Comment by 1718627440

Comment by 1718627440 5 days ago

7 replies

    char * 
    left_pad (const char * string, unsigned int pad)
    {
        char tmp[strlen (string)+pad+1];
        memset (tmp, ' ', pad);
        strcpy (tmp+pad, string);
        return strdup (tmp);
    } 
Doesn't sound too hard in my opinion. This only works for strings, that fit on the stack, so if you want to make it robust, you should check for the string size. It (like everything in C) can of course fail. Also it is a quite naive implementation, since it calculates the string size three times.
brabel 5 days ago

Not a C expert but you’re using a dynamic array right on the stack, and then returning the duplicate of that. Shouldn’t that be Malloc’ed instead?? Is it safe to return the duplicate of a stack allocated array, wouldn’t the copy be heap allocated anyway? Not to mention it blows the stack and you get segmentation fault?

  • 1718627440 5 days ago

    > and then returning the duplicate of that. Shouldn’t that be Malloc’ed instead??

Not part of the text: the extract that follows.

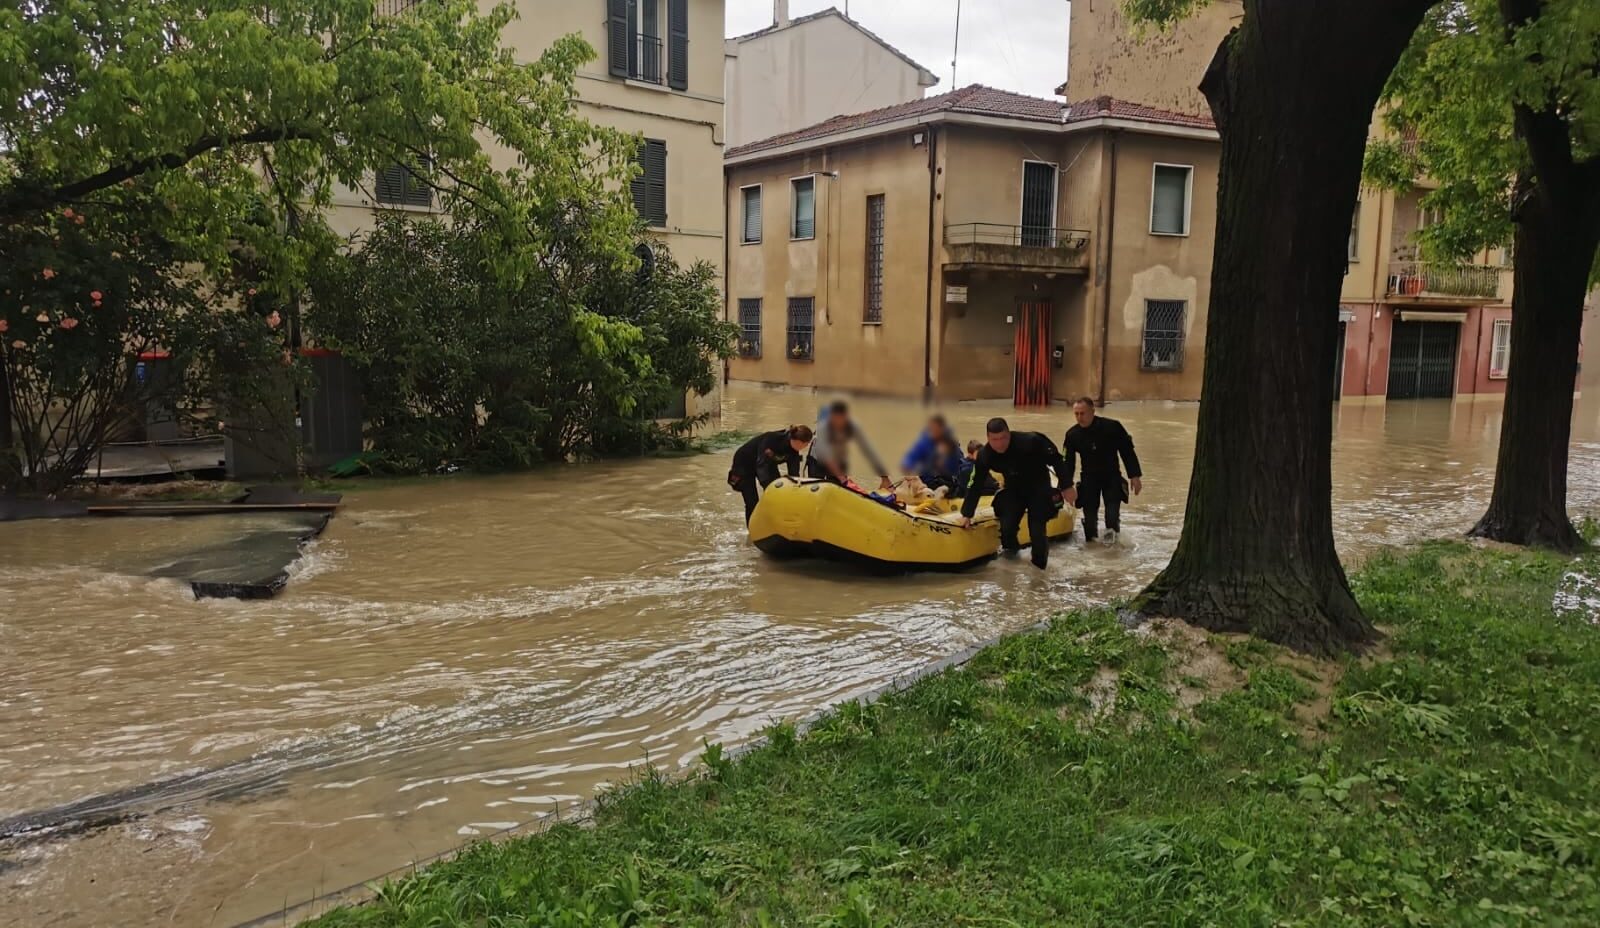 Sale a 14 il numero dei morti a causa delle alluvioni. E anche oggi in Emilia Romagna è allerta rossa

    Like the sibling already wrote, that's what strdup does.

    > Is it safe to return the duplicate of a stack allocated

    Yeah sure, it's a copy.

    > wouldn’t the copy be heap allocated anyway?

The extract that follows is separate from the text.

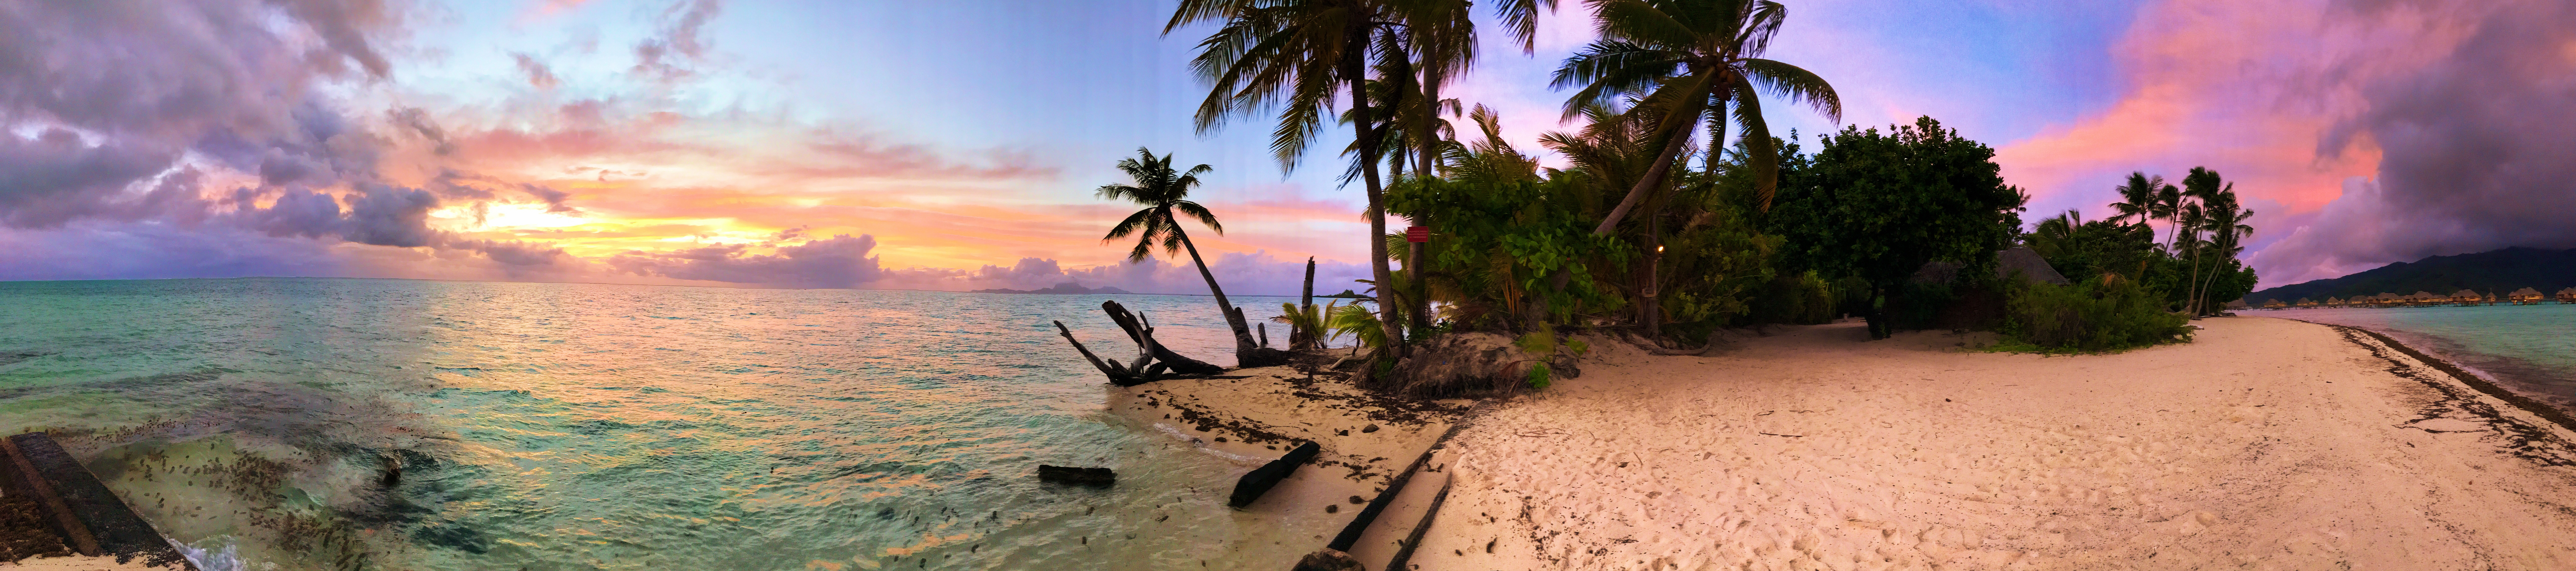 25 Photos To Inspire You To Visit French Polynesia - Tahiti Travel Photos - Communikait by Kait Hanson

    Yes. I wouldn't commit it like that, it is a naive implementation. But honestly I wouldn't commit leftpad at all, it doesn't sound like a sensible abstraction boundary to me.

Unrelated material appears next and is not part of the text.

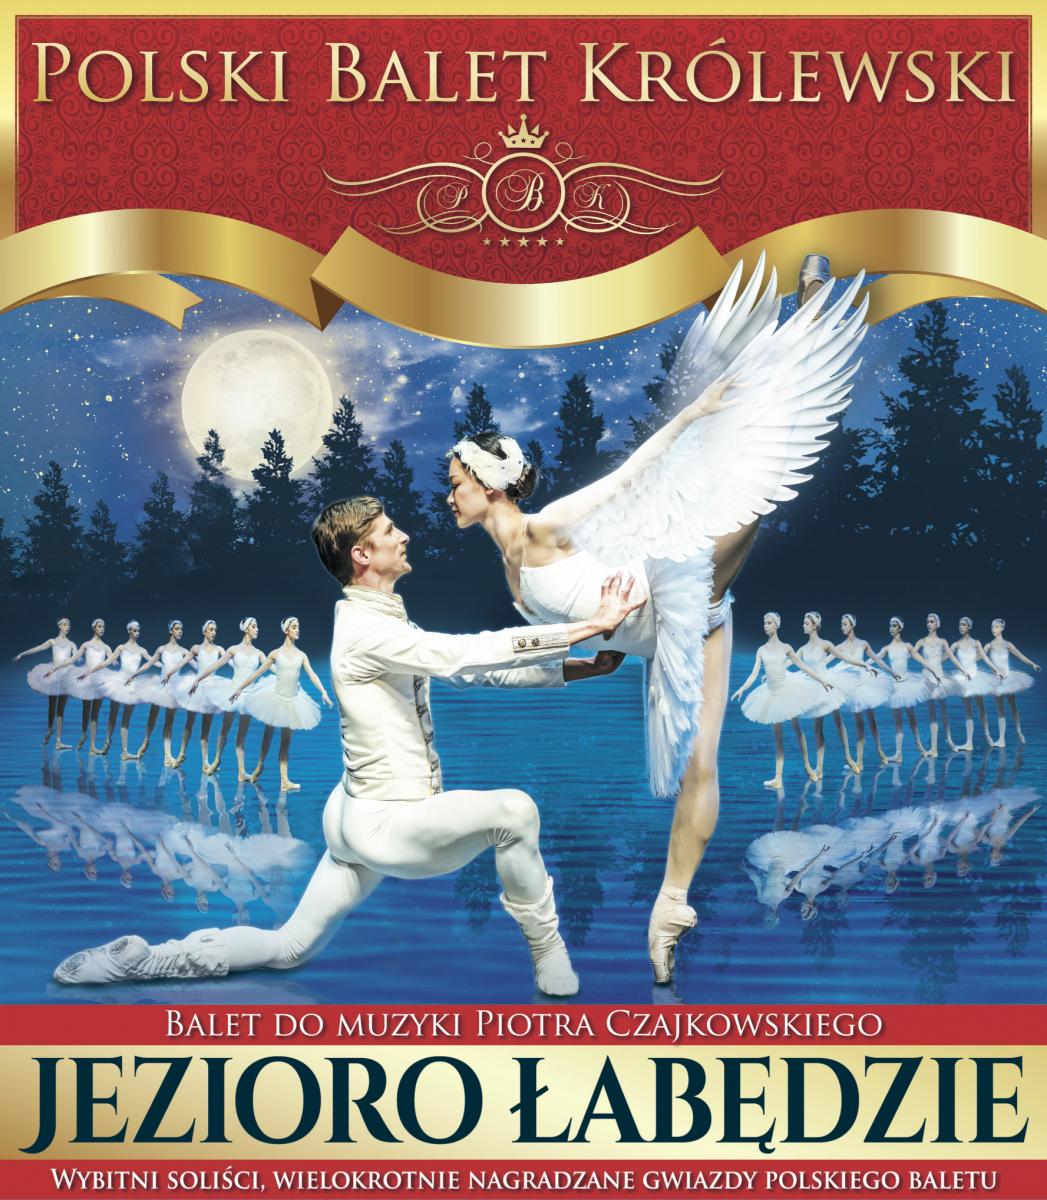  Polski Balet Królewski: Jezioro łabędzie Na zdjęciu plakat imprezy

    > Not to mention it blows the stack and you get segmentation fault?

    Yes and I already mentioned that in my comment.

    ---

    > dynamic array right on the stack

    Nitpick: It's a variable length array and it is auto allocated. Dynamic allocation refers to the heap or something similar, not already done by the compiler.

  • lionkor 5 days ago
    • brabel 4 days ago

      My point was that if you’re going to allocate anyway what was the point of allocating the original on the stack? You wouldn’t need the duplicate if you malloc that.

      • 1718627440 4 days ago

        Yes, that is right. The only reason I did it this way was, because I wanted to demonstrate a naive implementation, I wouldn't commit that, but I wouldn't commit leftpad at all.

        Allocating on the stack is pretty cheap, it's only a single instruction to move the stack pointer. The compiler is likely to optimize it away completely. When doing more complicated things, where you don't build the string linearly allocating on the stack first can be likely cheaper, since the stack memory is likely in cache, but a new allocation isn't. It can also make the code easier, since you can first do random stuff on the stack and then allocate on the heap once the string is complete and you know its final size.

newsoftheday 5 days ago

strndup would be safer if I correctly recall from my C days?

  • 1718627440 5 days ago

    Safer for what? That opinion seems to be misguided to me.

    strndup prevents you from overrunning the allocation of a string given that you pass it the containing allocations size correctly. But if you got passed something that is not a string, there will be a buffer overrun right there in the first line. Also what outer allocation?

    You use strcpy when you get a string and memcpy when you get an array of char. strncpy is for when you get something that is maybe a string, but also a limited array. There ARE use cases for it, but it isn't for safety.